Based on the guided H217 and 2018 crude production ramp-up for our sample group and the current forward strip, these shale firms will not be funding drilling programmes through operating cashflows anytime soon. This means they are likely to continue tapping debt and equity markets for finance, adding to a debt pile that already stands at $120bn. And investor appetite for exposure has been sliding. Since the start of 2016, an investment in a basket of E&P firms would have underperformed the
S&P 500 and WTI crude oil significantly. This tells us two important things: first, that macro investors seeking a benchmark-beating return would have been better rewarded by putting their money elsewhere.
Second, oil investors would have been better off just buying oil futures.
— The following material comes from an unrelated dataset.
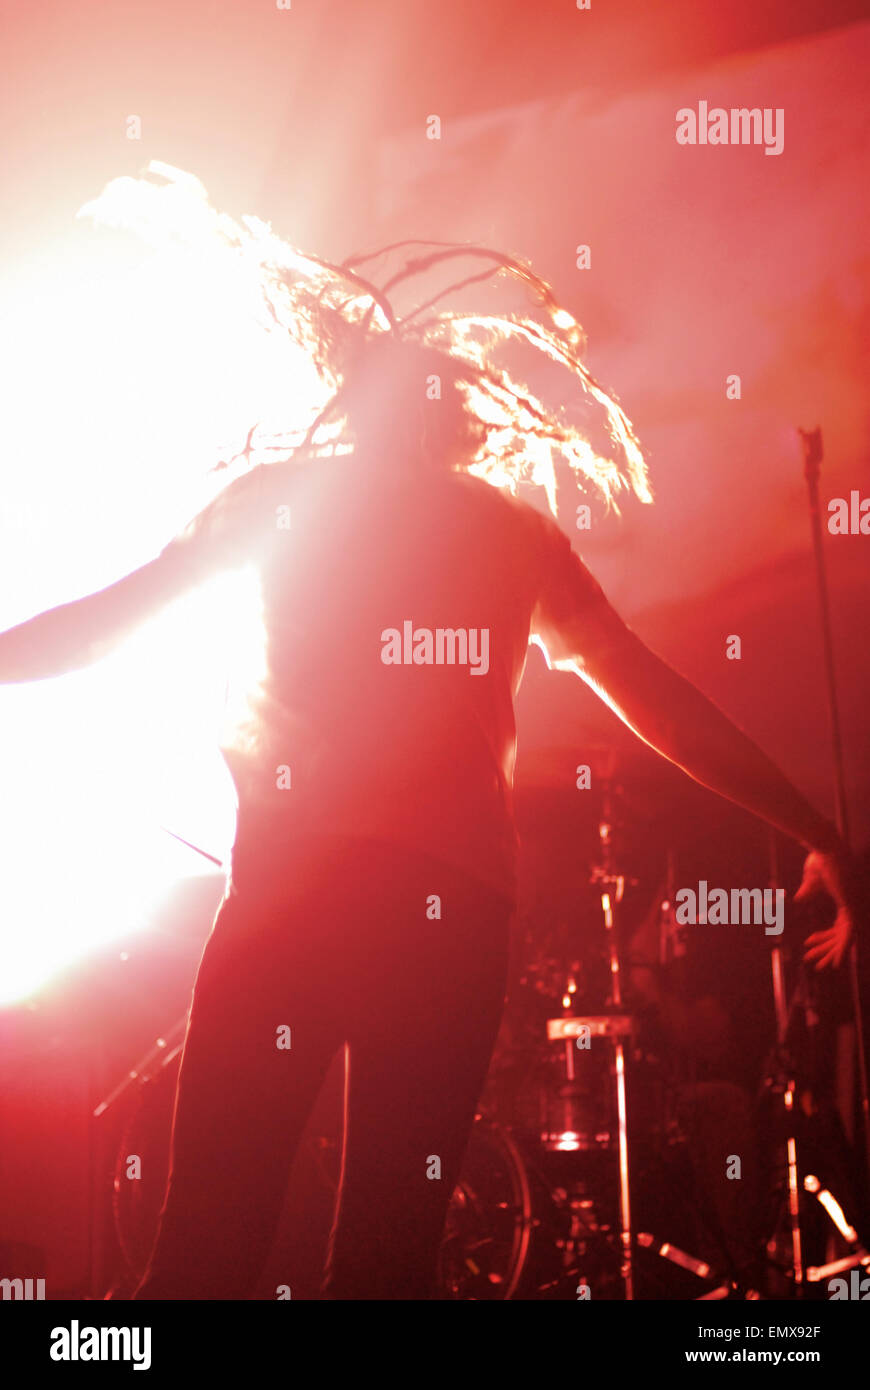 Back view of an anonymous or faceless rock star on stage, jumping, full of energy, surrounded by red stage lighting. Stock Photo
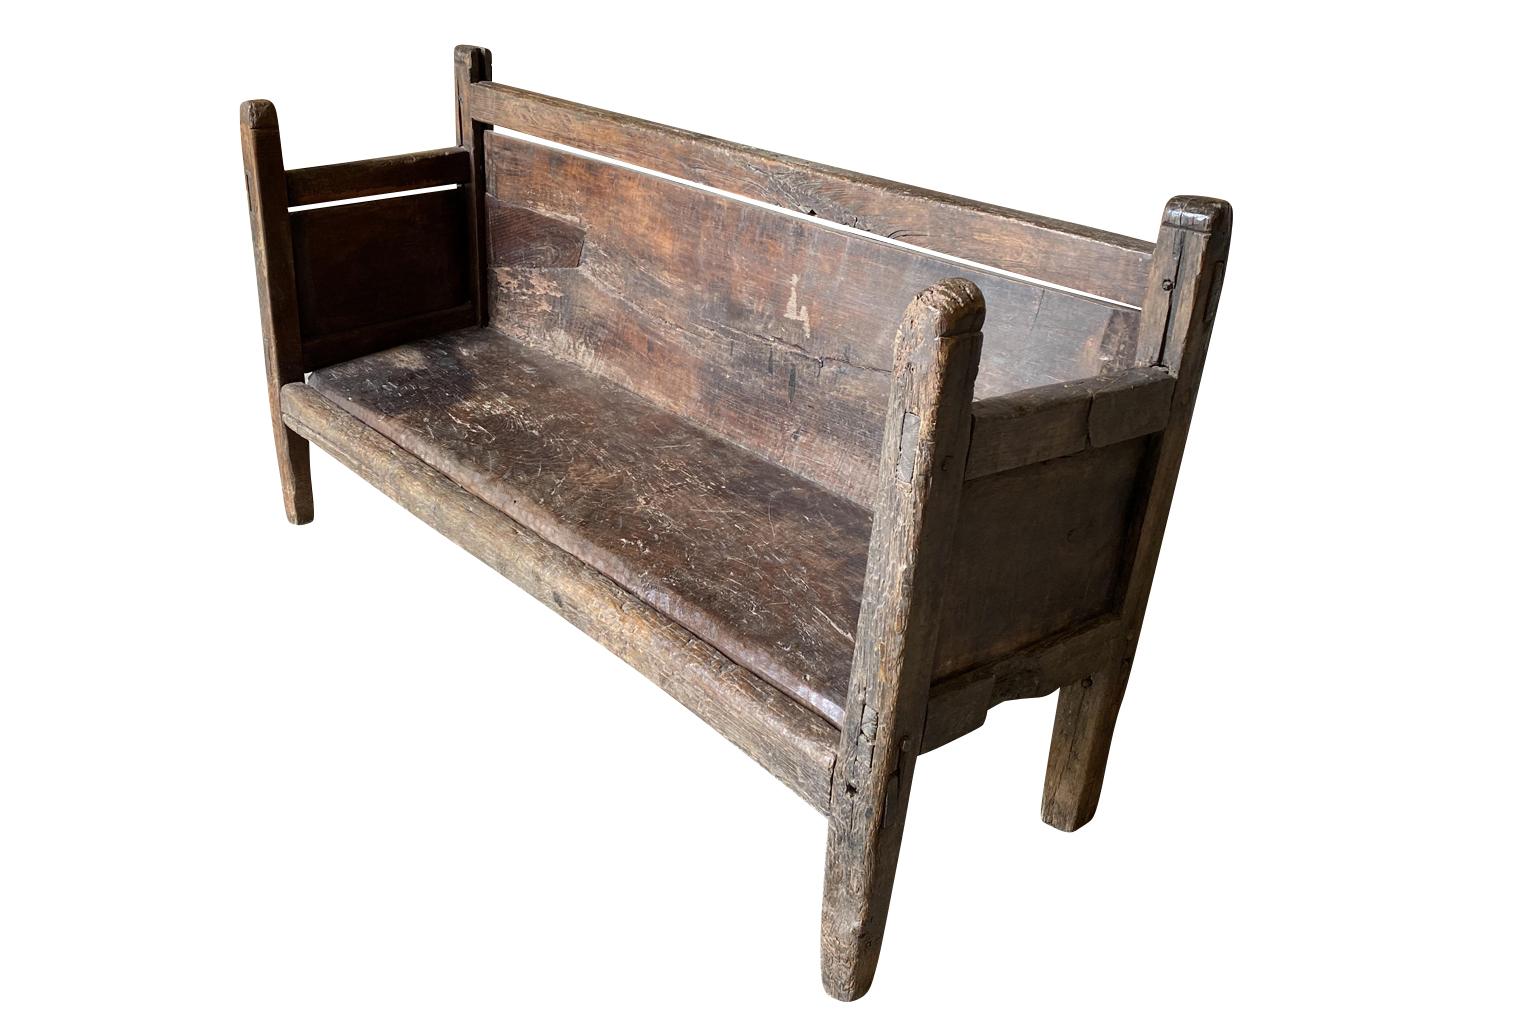 A very charming 17th century bench from the Southwest region of France. Beautifully constructed with solid boards of beautifully stained oak. A stunning bench with gorgeous patina.

The problem with the oil market right now is that it wants to trade the next decade's potential slowdown in demand, but ignores the fundamental reality in front of it today. We don't deny that demand growth can slow materially from around 2026 as the penetration of EVs and hybrids becomes material to transportation demand. But investors remain transfixed by an as-yet-unrealised energy revolution, and they are not paying attention to the supply side's ability
—or inability —to meet today's demand for oil. Once the last of the legacy projects come onstream, there is little new investment on the horizon outside the shale sector.
If demand does not slow, the world will need far more oil than the tight oil sector can offer at $50/b. Without additional productive capacity, rapidly growing consumption could trigger a supply crunch well before the theoretical peak in oil demand is reached. We are not saying for one moment that there is too little oil
—there is plenty. There just isn't enough oil at $50/b.
Amrita Sen is Chief Oil Analyst at Energy Aspects.